L’activiste Erik Hagen, fondateur de Western Sahara Resource Watch, a centré son intervention sur le pillage des ressources naturelles. Il a dénoncé le fait que le Maroc, avec la complicité de multinationales étrangères, exploite les phosphates, la pêche, le sable et les énergies renouvelables sans le consentement du peuple sahraoui, en violation flagrante du droit international. Hagen a détaillé comment des entreprises européennes et américaines, couvertes par des accords illégaux, tirent profit de ces ressources tandis que les Sahraouis vivent dans la pauvreté et l’exil. « Chaque sac de phosphate qui quitte Bucraa, chaque conteneur de poisson de Dakhla porte le sceau de la complicité internationale », a-t-il déclaré, appelant gouvernements et parlements à interdire ces pratiques.
La clôture a été assurée par Oubi Bouchraya Bachir, représentant du Front Polisario à Genève et conseiller spécial pour les questions juridiques, qui a rappelé que cette année marque le cinquantième anniversaire de l’Avis consultatif de la Cour internationale de justice de 1975. « Un demi-siècle plus tard, la CIJ est toujours claire : le Maroc n’a jamais eu de souveraineté sur le Sahara Occidental. Le seul détenteur du droit de décider de son avenir est le peuple sahraoui », a-t-il affirmé. Oubi a averti que l’usure des Nations Unies est de plus en plus manifeste : « Si le cas sahraoui n’est pas résolu, cela enverra un message dévastateur que le droit international est sélectif et que le colonialisme a encore sa place au XXIᵉ siècle ».
Les intervenants ont unanimement souligné que la négligence internationale a imposé un lourd tribut humain, politique et environnemental aux peuples de la région : répression dans les territoires occupés, pillage systématique des ressources, séparation des familles par le mur militaire de 2 700 km, mines antipersonnel meurtrières, et prolongation de l’exil de plus de 200 000 réfugiés. Ils ont également averti que le mépris des résolutions de l’ONU dans le cas sahraoui constitue un précédent dangereux qui menace la paix et la stabilité régionales, encourageant l’expansion du néocolonialisme et de l’autoritarisme en Afrique.

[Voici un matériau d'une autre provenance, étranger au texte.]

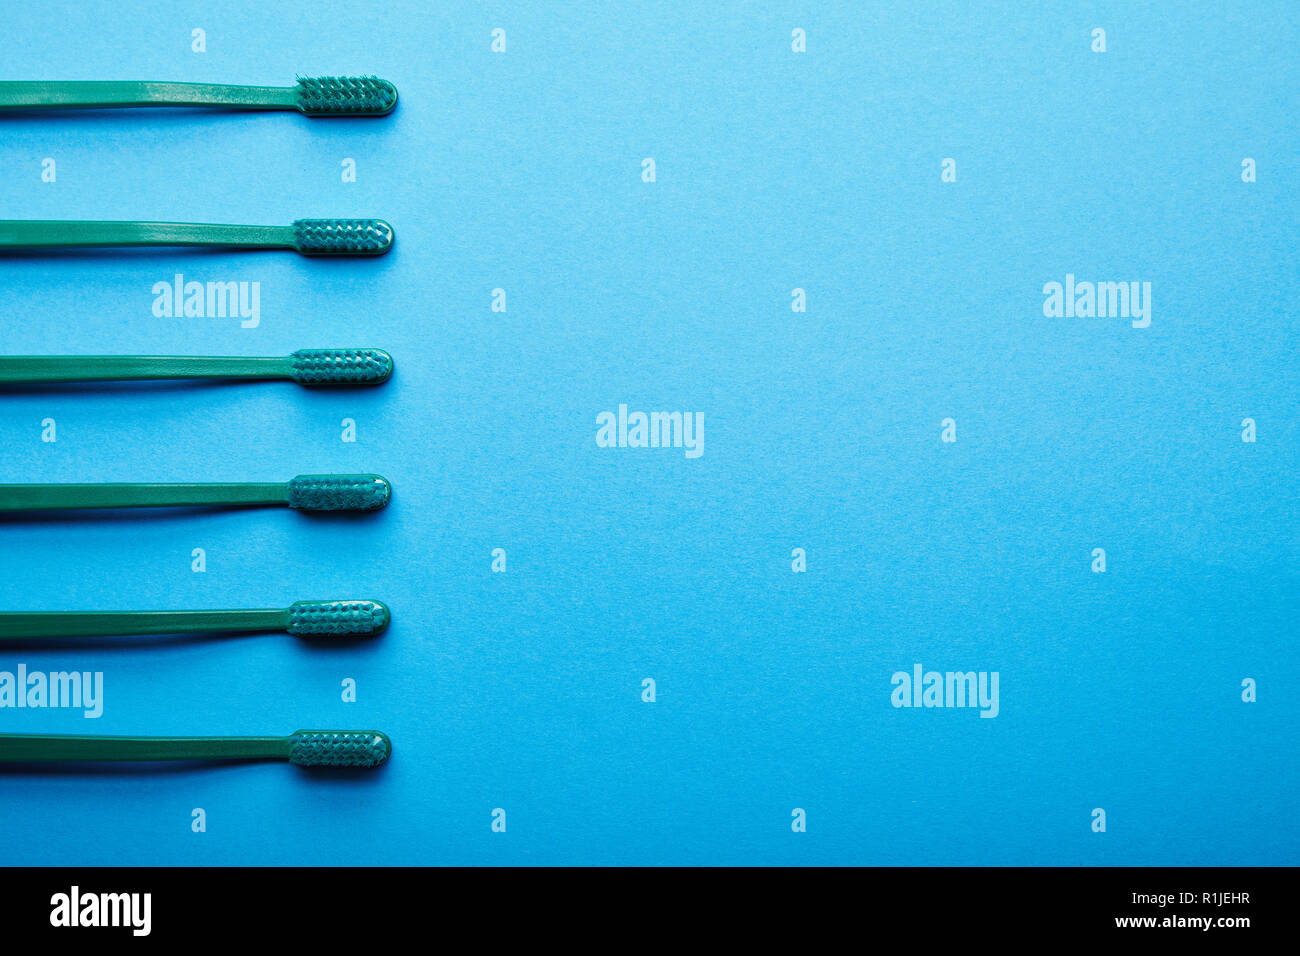 Piatto con laici spazzolini da denti disposti su sfondo blu Foto Stock

En conclusion, la conférence de Genève a résonné comme un coup de semonce contre l’inaction. Cinquante ans d’injustice n’ont pas éteint la cause sahraouie, qui se renforce aujourd’hui grâce au soutien ferme de pays africains, latino-américains et de mouvements sociaux à travers le monde. Le message fut sans équivoque : le peuple sahraoui n’est pas seul, et la légalité internationale demeure son arme la plus puissante face à l’occupation et à la répression marocaines.
PLATAFORMA «No te olvides del Sahara Occidental»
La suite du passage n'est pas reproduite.